Rambo III DVD Review

Believe it or not, Rambo is named after a brand of apples. Yes, one of the single greatest Green Berets in movie history is named after a fruit. I can't say for certain if the apple company still exists, but the movies are still revered by many as the greatest action films of all time. The series ended here with "Rambo III," a disappointment at the box office when it failed to make back one of the largest budgets in movie history at the time. This couldn't possibly be a surprise to anyone viewing it.

Working at a monastery and stick fighting on the side for extra cash, John Rambo (Sylvester Stallone) now lives the solitary life. He is once again approached by his former commander, Colonel Samuel Trautman (Richard Crenna) to head into Afghanistan to help rebel forces fend off a Russian invasion. Refusing the offer, Trautman goes in with planned group but is captured. Unable to accept his commander and friends are held behind enemy lines, Rambo agrees to go in with minimal help to rescue the hostages.

With a reported budget of $63 million, "Rambo III" spends nearly all of that money on big, fiery explosions. The location shoot in Afghanistan didn't come cheap either, I'm sure. It's a shame that the movie fails so miserably. Originally tapped to direct was Russell Mulcahy, who would go on to create the excellent World War 1 film "Lost Battalion" for A & E. After dropping out, Peter MacDonald took over. His major credits include this film and "Super Dave." That should say something right there.

This is unquestionably a B-movie. They simply added on an A-movie budget. If the location shoot was scrapped and Stallone was dropped, all you would be left with is direct-to-video action flick with no substance. This is the longest film in the series, adding around ten minutes to the usual "Rambo" runtime. It takes quite a while to get going and useless scenes like the goat-carcass sport serve no purpose.

Once past this however, the movie kicks into what most people associate the Rambo films with. It sort of flows like this:

Close up of Rambo shooting in sweeping motion.

*edit*

Insert shot of men falling in a chaotic fashion.

*edit*

Repeat.

No flow is present in the action scenes and the amount of ammunition shot at this man is absurd. Either the Russian soldiers failed their marksmanship exams, or it's possible that this movie isn't very accurate. I have my money on the latter. "First Blood II" was at least a fun time and had crowds cheering for the guy. This one doesn't even qualify as a popcorn movie. It's impossible to eat anything because your mouth will be wide open in stunned amazement that someone could actually produce something like this.

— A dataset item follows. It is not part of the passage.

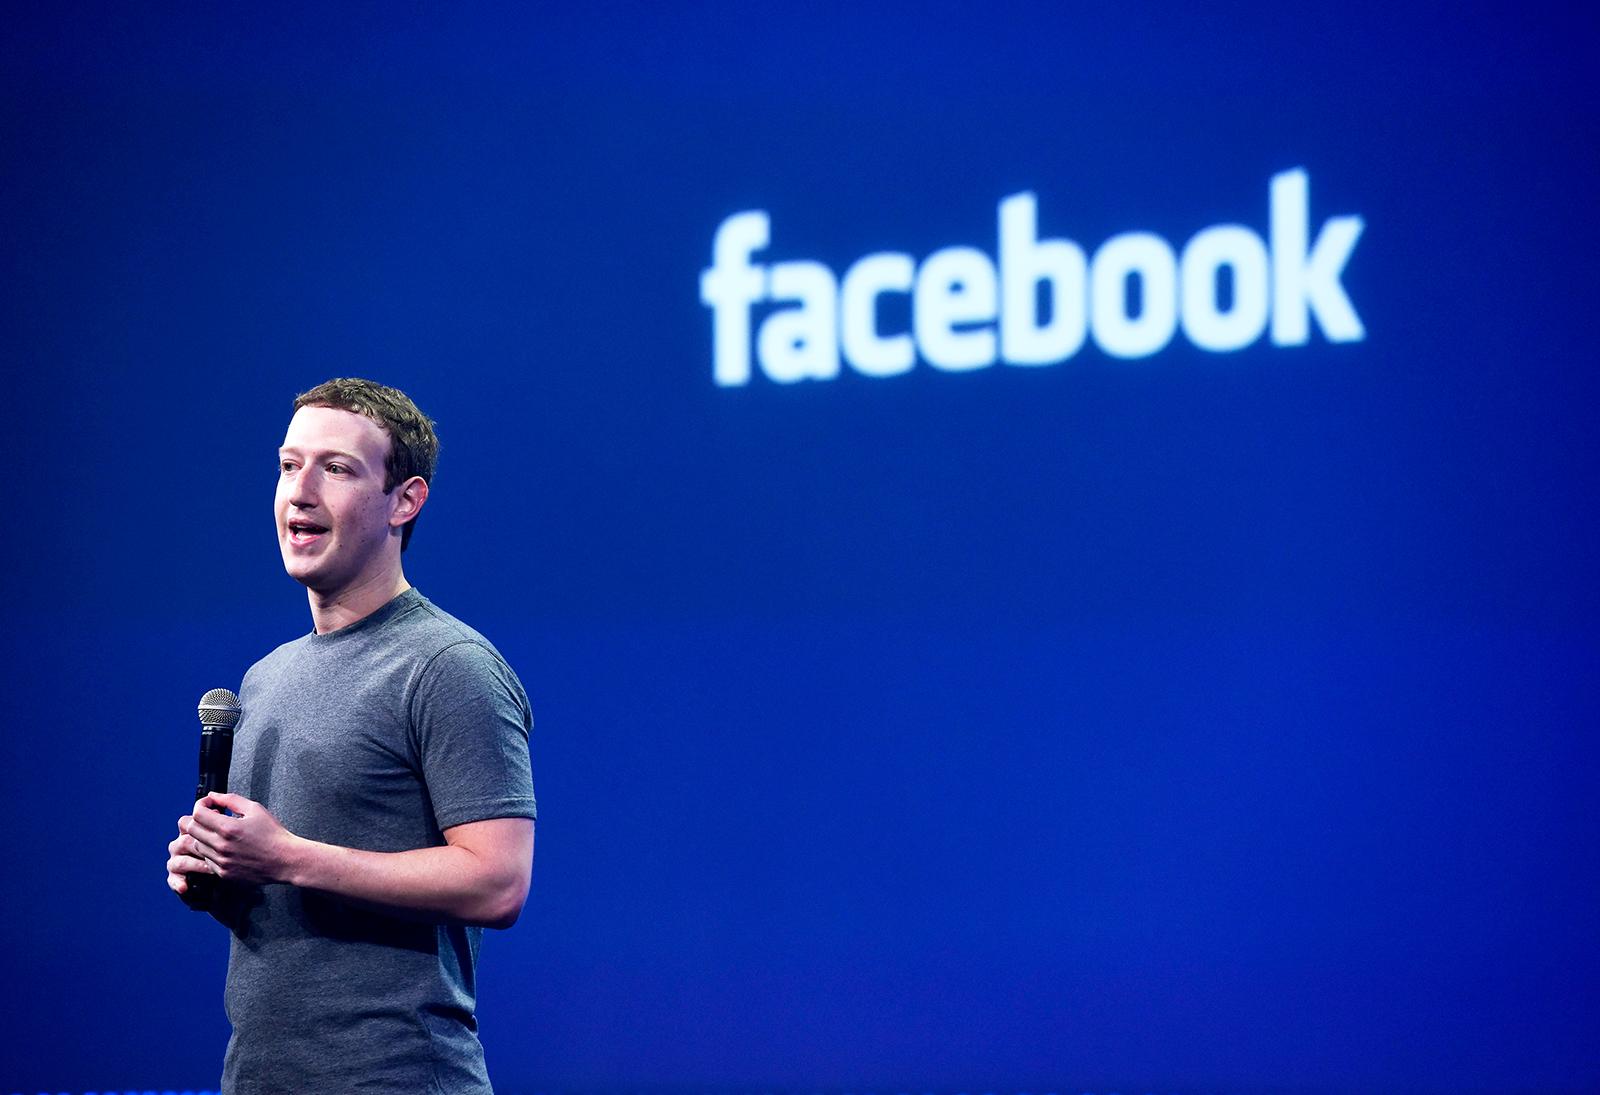 Las cifras de Facebook demuestran que no tiene límites

To its small number of credits, "Rambo III" did make the Guinness Book of World Records. I'm not sure if it still holds the record for "most on-screen deaths," but it would certainly rank up there even today. It does feature one of the more innovative death sequences in the history of action movies, a hanging/grenade explosion combo towards the end. Otherwise, it's hard to believe the same group of people who wrote this tired sequel also gave us the script for the meaningful and innovative original. (* out of *****)

As with the rest of the films in this trilogy, "Rambo III" is presented in it's original widescreen ratio of 2.35:1 on one side and the atrocious mess that is pan & scan contained on the other. For being the newest film in this series, the print contains a lot of damage. It's never overpowering, but those little specks really add up. The usual round of film grain is a noticeable problem and this goes along with some inconsistent black levels. Color here is sharp, really showing off the explosions this movie seems to rely on. There is nothing spectacular here, just a nice transfer that remains just above average. (***)

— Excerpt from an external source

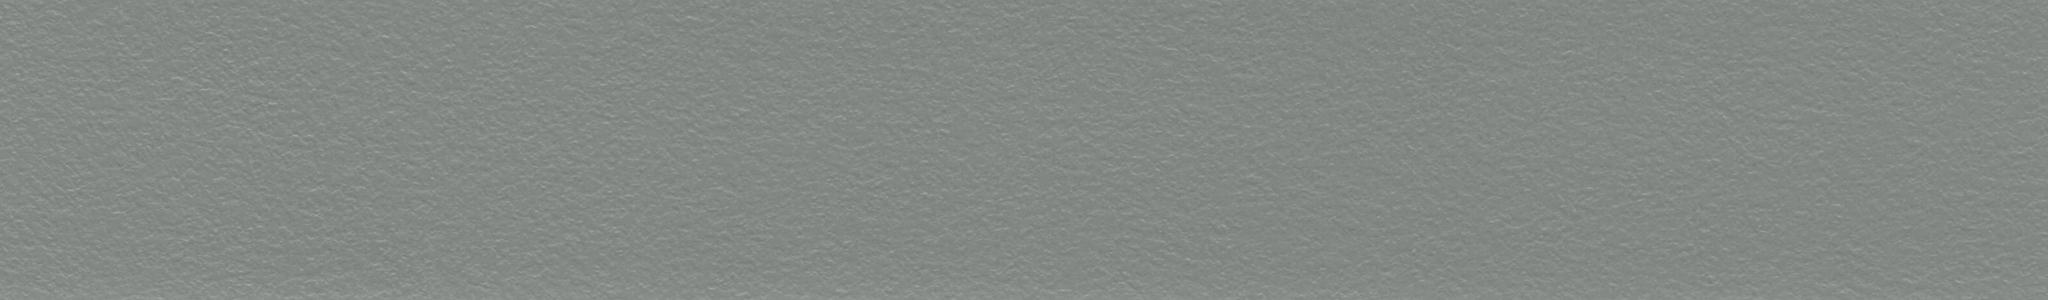 HU 17299 ABS hrana šedá perla jemná 107

Making up for any problems in the visual department, "Rambo III" is spectacular in the audio department. Selections include 2.0 surround, 5.1 surround, or the blistering use of the DTS format. The only real problem is the bass, which doesn't come through very clear and sounds a bit muffled. Still, it's enough to feel every explosion. Bullets, horses, helicopters, and tanks use every speaker for a truly immersive experience. Whoever created this outstanding blend (from just a standard stereo mix) deserves a promotion. (****)

Artisan is consistent with their "Rambo" releases, just changing commentaries and documentaries. Here we get the director speaking about his film, but he either falls asleep or takes an extended bathroom break more than a few times. He hardly ever talks and even then you really won't learn much save for some of the trouble they dealt with while shooting.

Then again, some of this is covered in the documentary "Afghanistan: Land in Crisis." This is a 30-minute look not at the film (though it is touched upon), but on the country and it's people. The actors and crew all put in their thoughts on the experience, but it is surprising that the film is talked about so little. Of course, a lot is said about how the country has changed and the American perception of it (the film ends thanking the country for their support). Those who want more on the film can check out the four-disc box set that includes a short featurrette. Production notes, trailers, and cast/crew information rounds out the disc. (***)

If the cult classic "Mystery Science Theater" had ever changed their format and began covering action films, "Rambo III" would likely be one of the first movies to get their treatment. This is an appalling motion picture that almost seems like it was made with children in mind (the series did have a toy line), but if you let your kid watch people explode, I recommend picking up a book on parenting. This is flat out dumb entertainment (if you can call it that) and one of the worst endings to a trilogy I've ever seen.